§ **RECORDS SHOWN**:
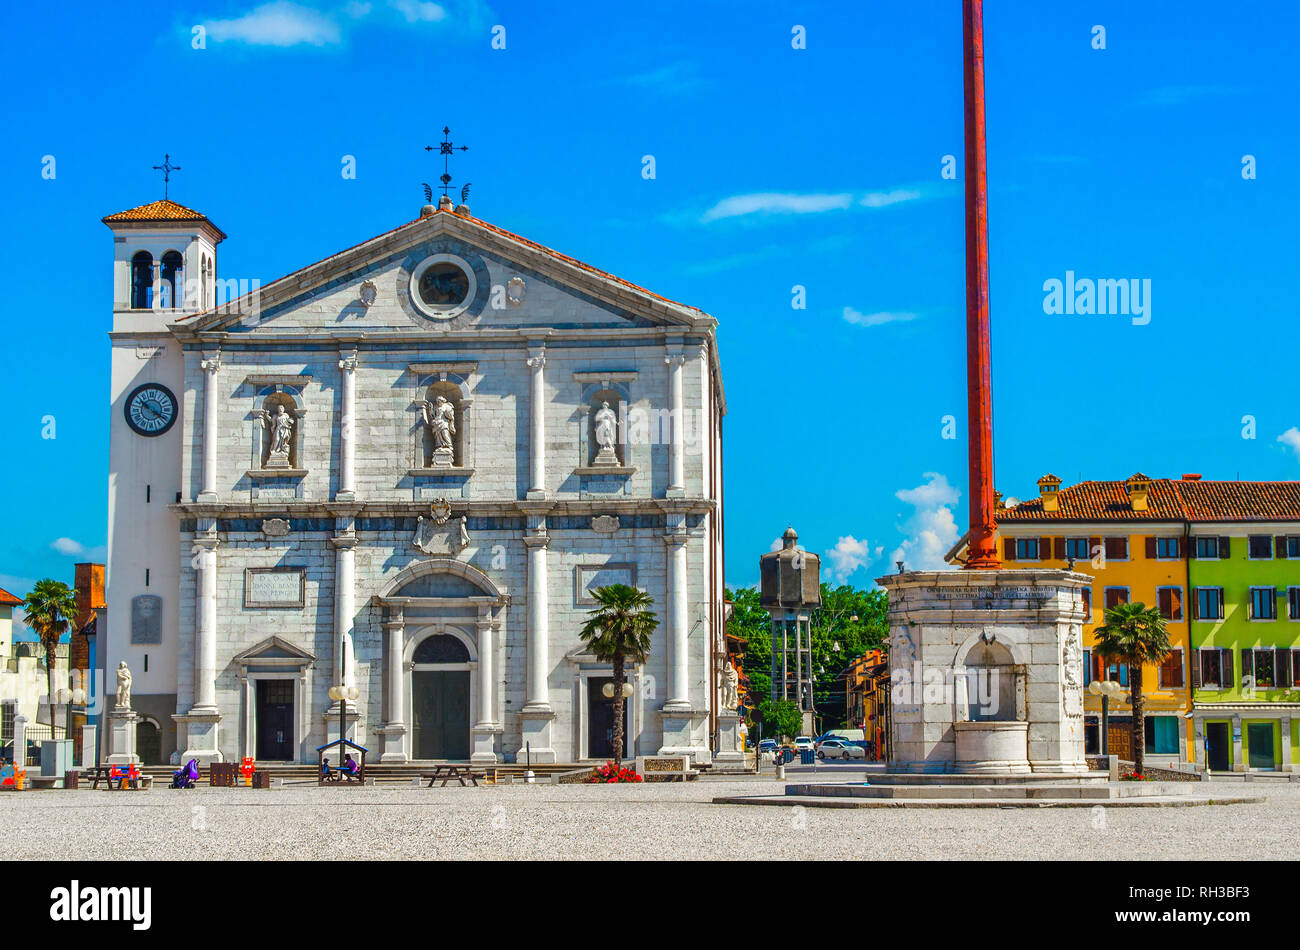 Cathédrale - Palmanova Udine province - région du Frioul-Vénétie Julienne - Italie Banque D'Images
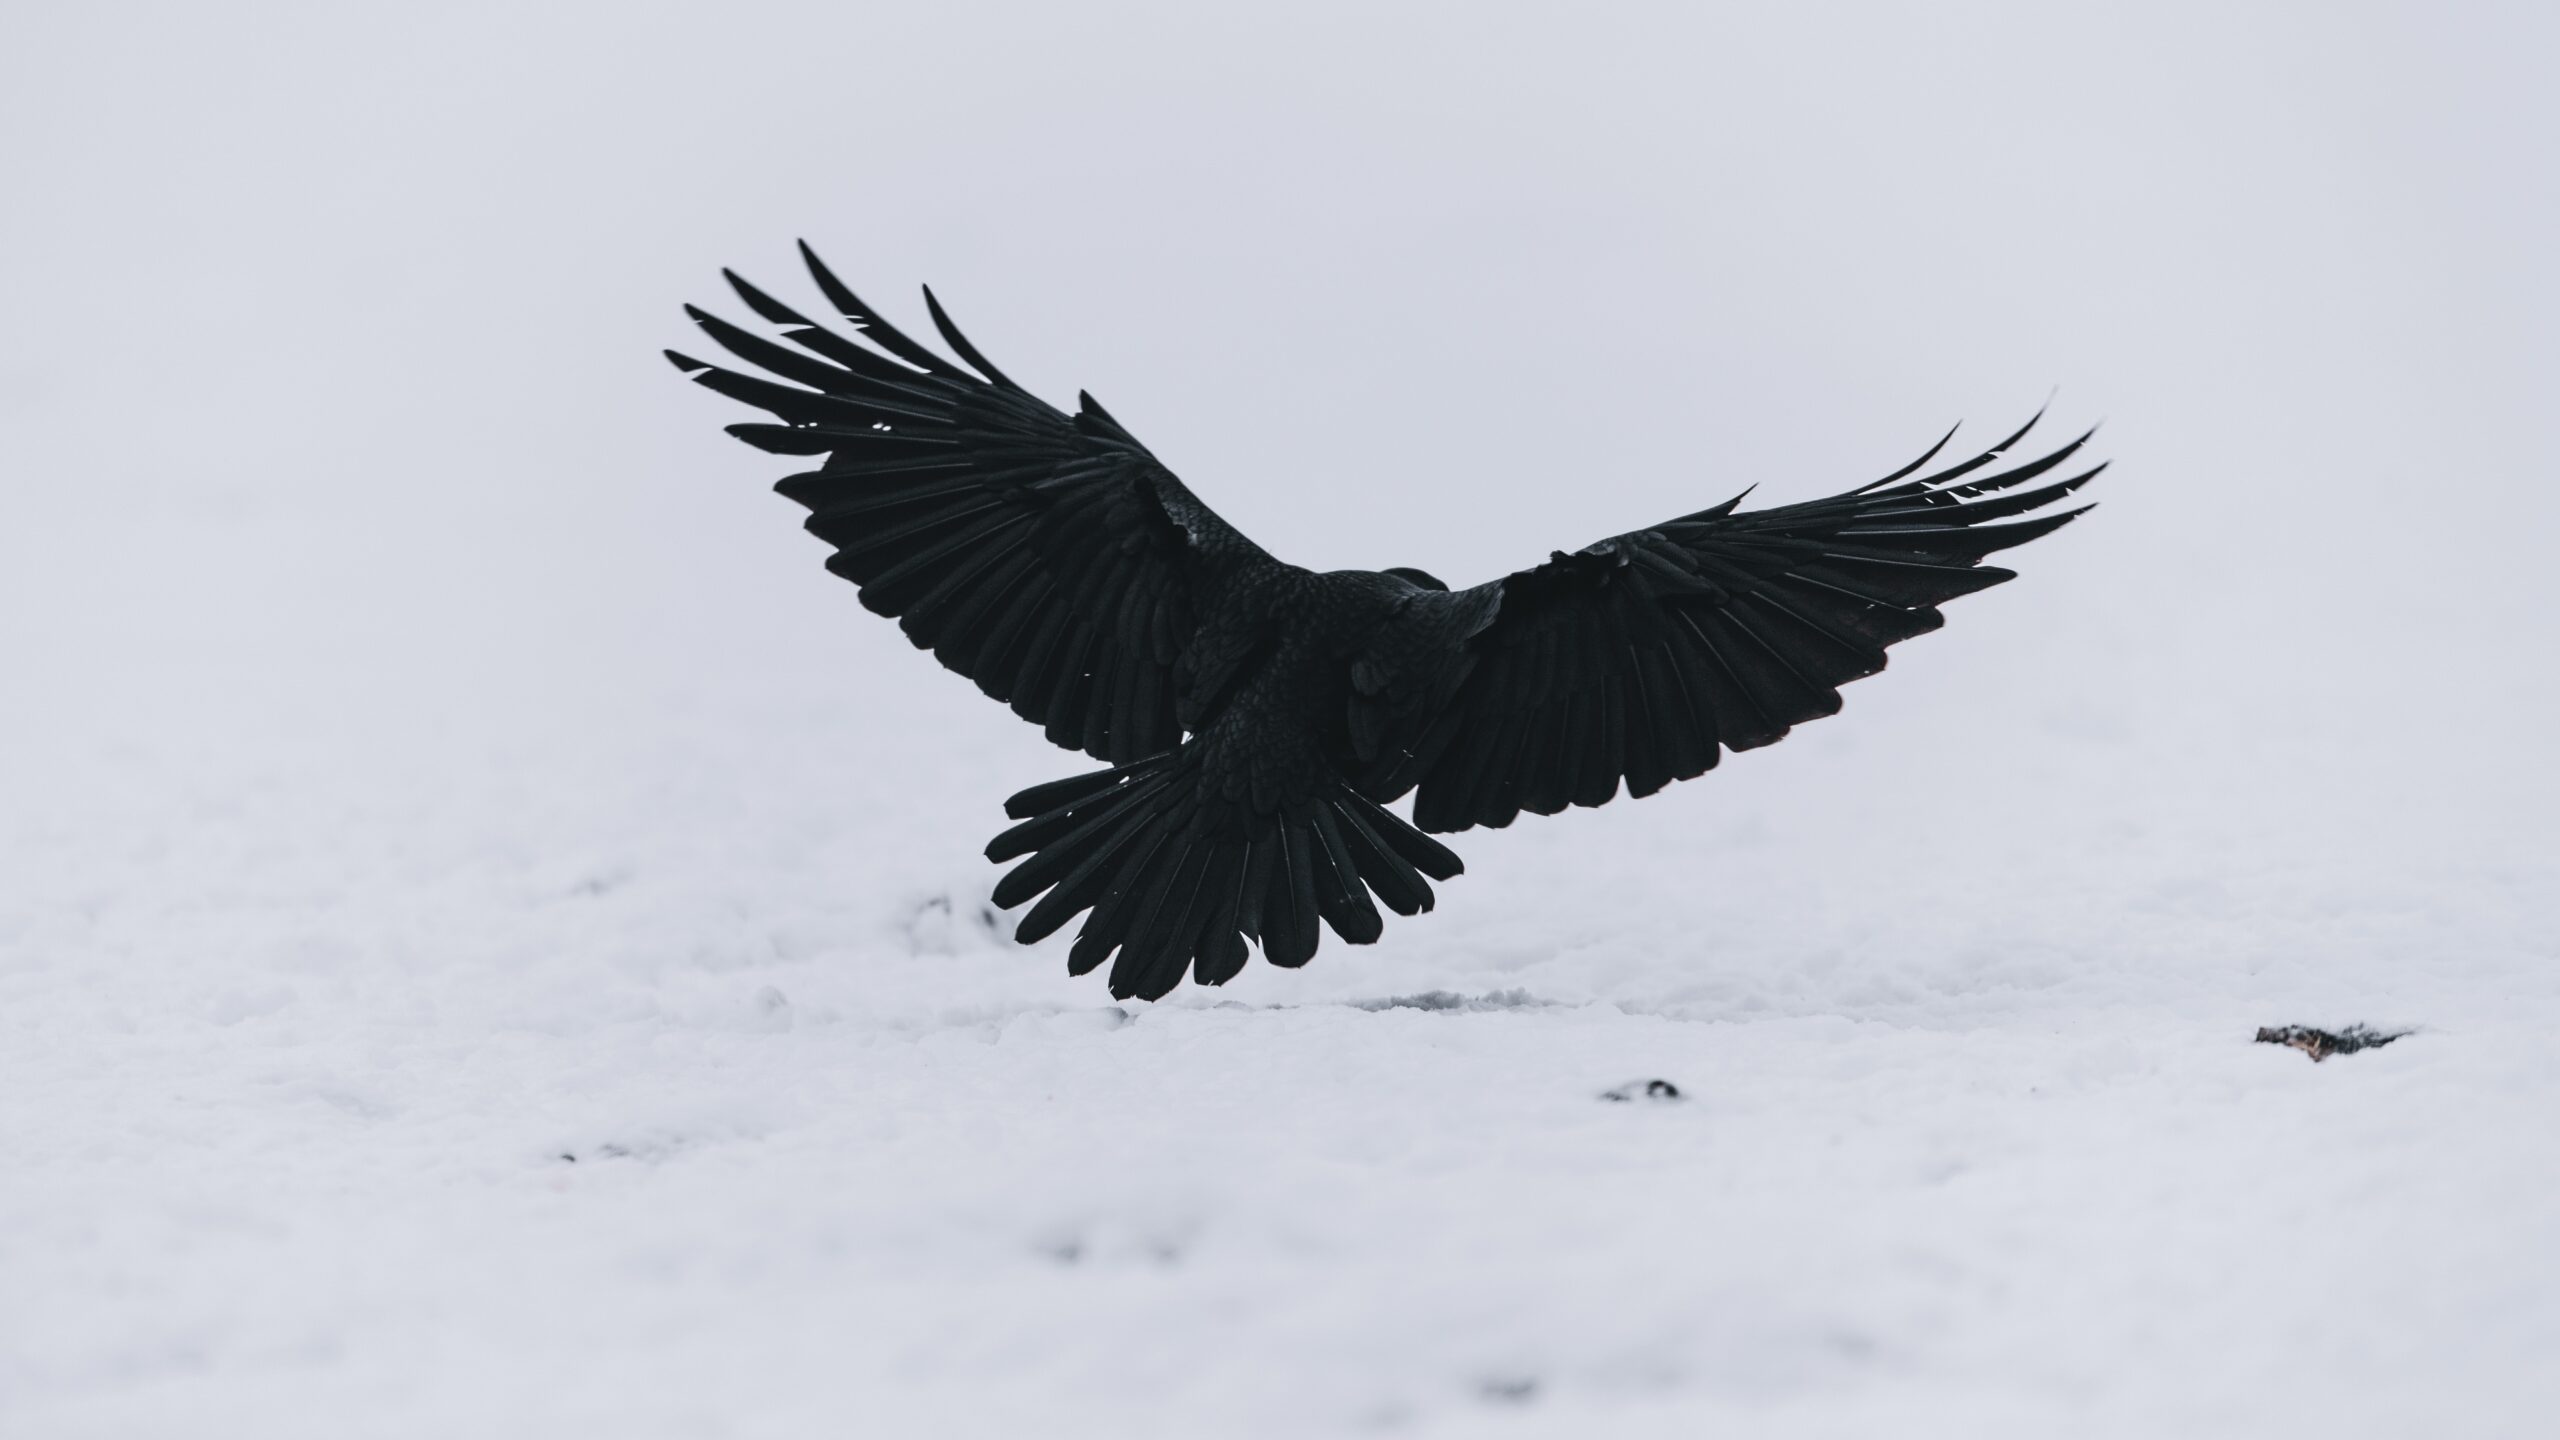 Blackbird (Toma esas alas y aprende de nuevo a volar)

==

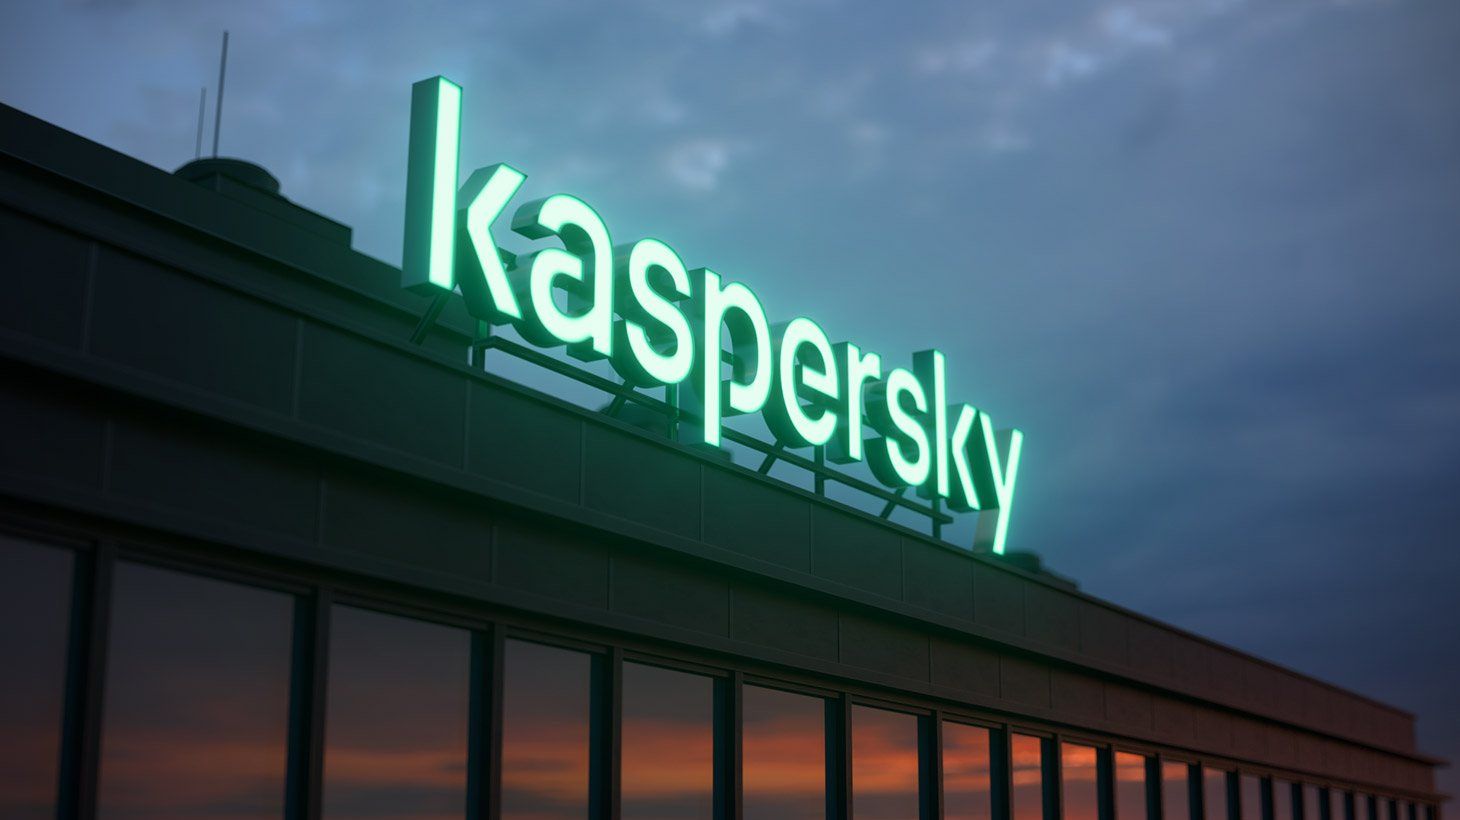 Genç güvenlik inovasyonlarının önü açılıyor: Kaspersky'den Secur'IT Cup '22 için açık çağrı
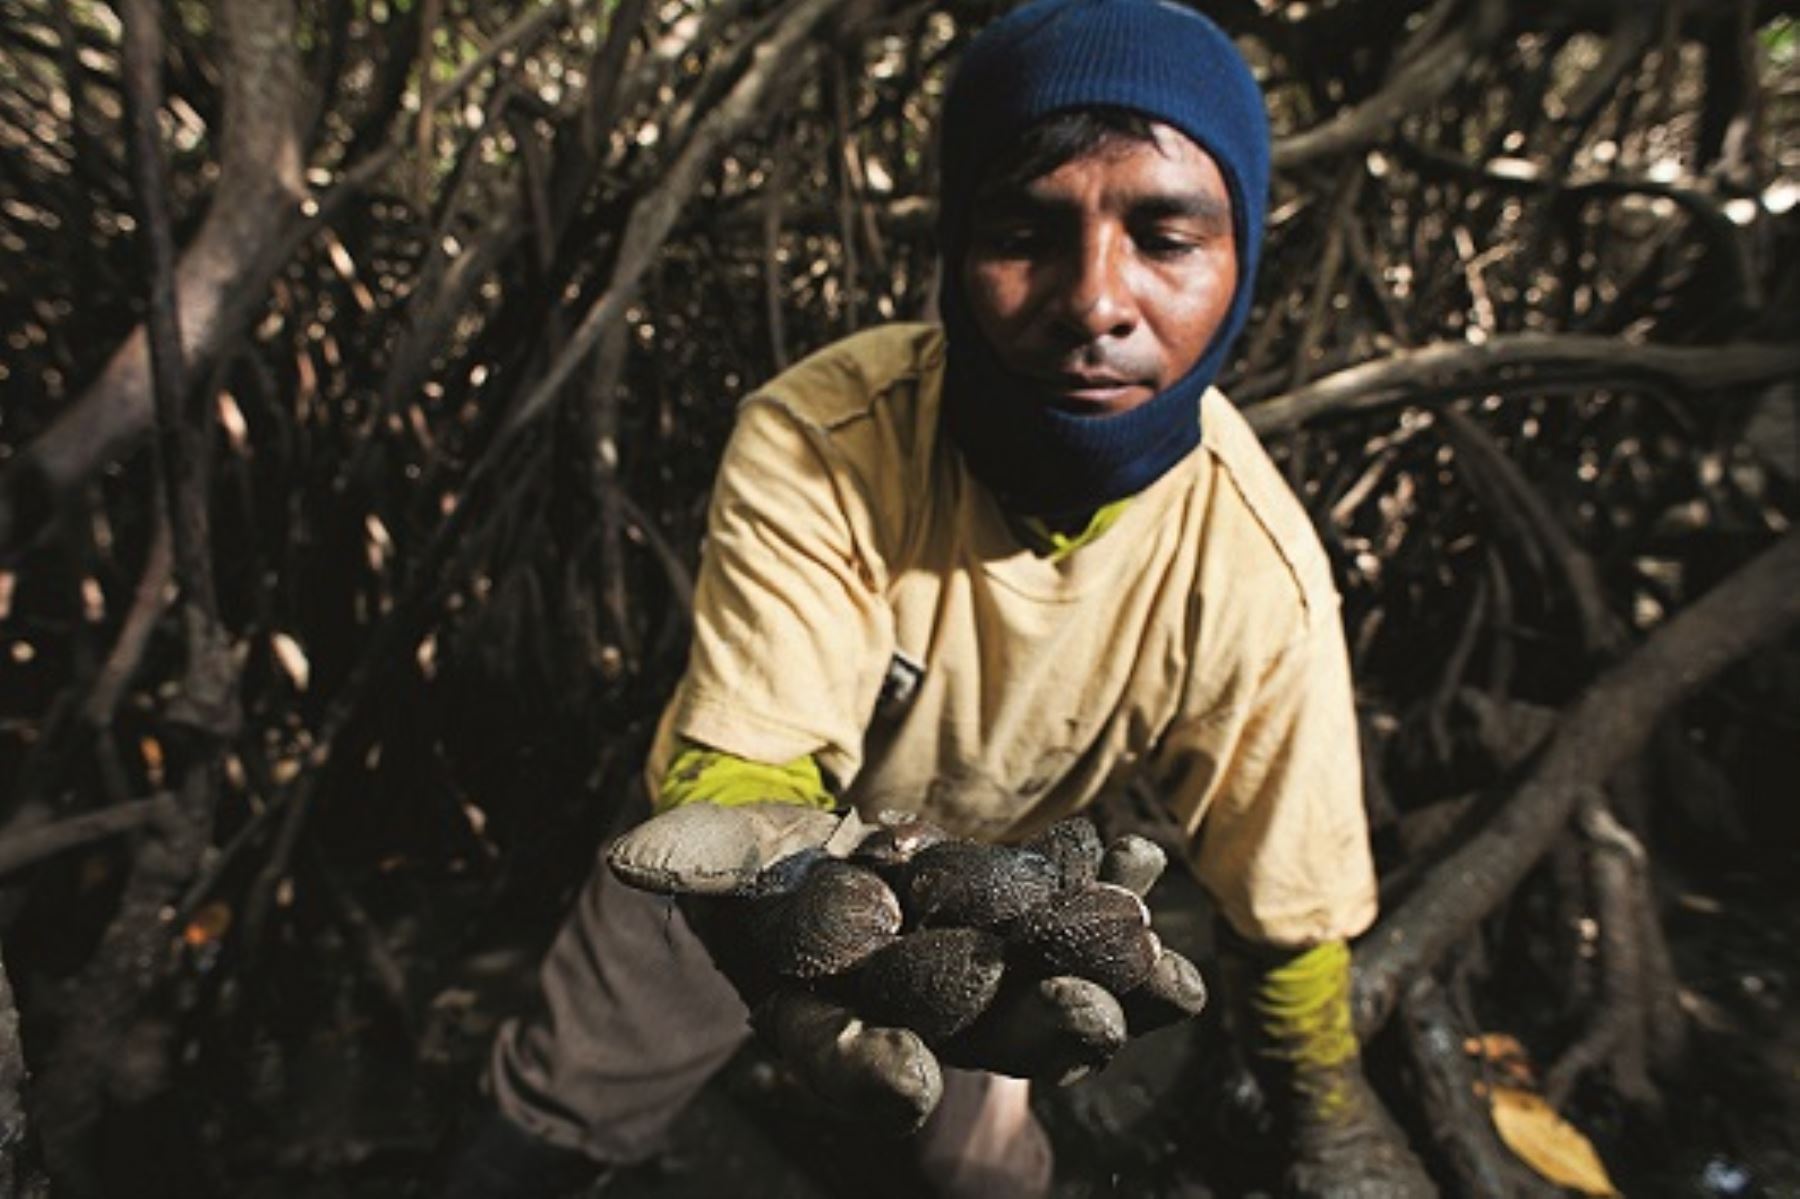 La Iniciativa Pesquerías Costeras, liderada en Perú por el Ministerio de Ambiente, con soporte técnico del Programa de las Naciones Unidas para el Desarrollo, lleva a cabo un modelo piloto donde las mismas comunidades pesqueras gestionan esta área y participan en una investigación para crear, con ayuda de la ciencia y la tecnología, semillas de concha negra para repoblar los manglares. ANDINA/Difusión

---

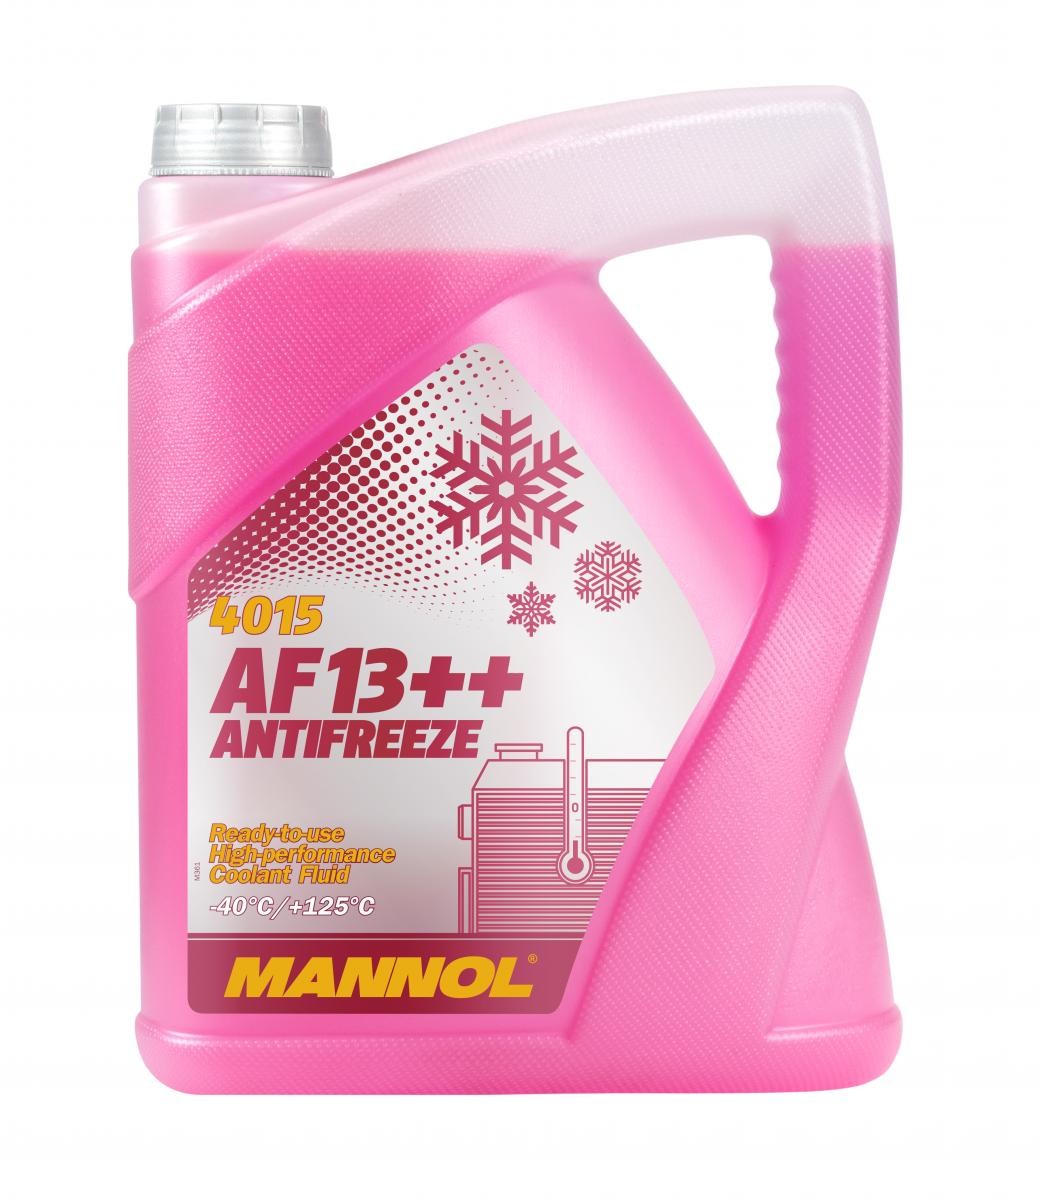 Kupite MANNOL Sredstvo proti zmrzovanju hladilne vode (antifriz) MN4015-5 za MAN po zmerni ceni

§ **WHAT IS REQUIRED**:
What you write out is the stretch of entries from the line containing "Cathédrale - Palmanova" to the line containing "Blackbird (Toma esas", word for word, with both end lines and no pictures.

§ **WRITTEN SOLUTION**:
 Cathédrale - Palmanova Udine province - région du Frioul-Vénétie Julienne - Italie Banque D'Images
 Blackbird (Toma esas alas y aprende de nuevo a volar)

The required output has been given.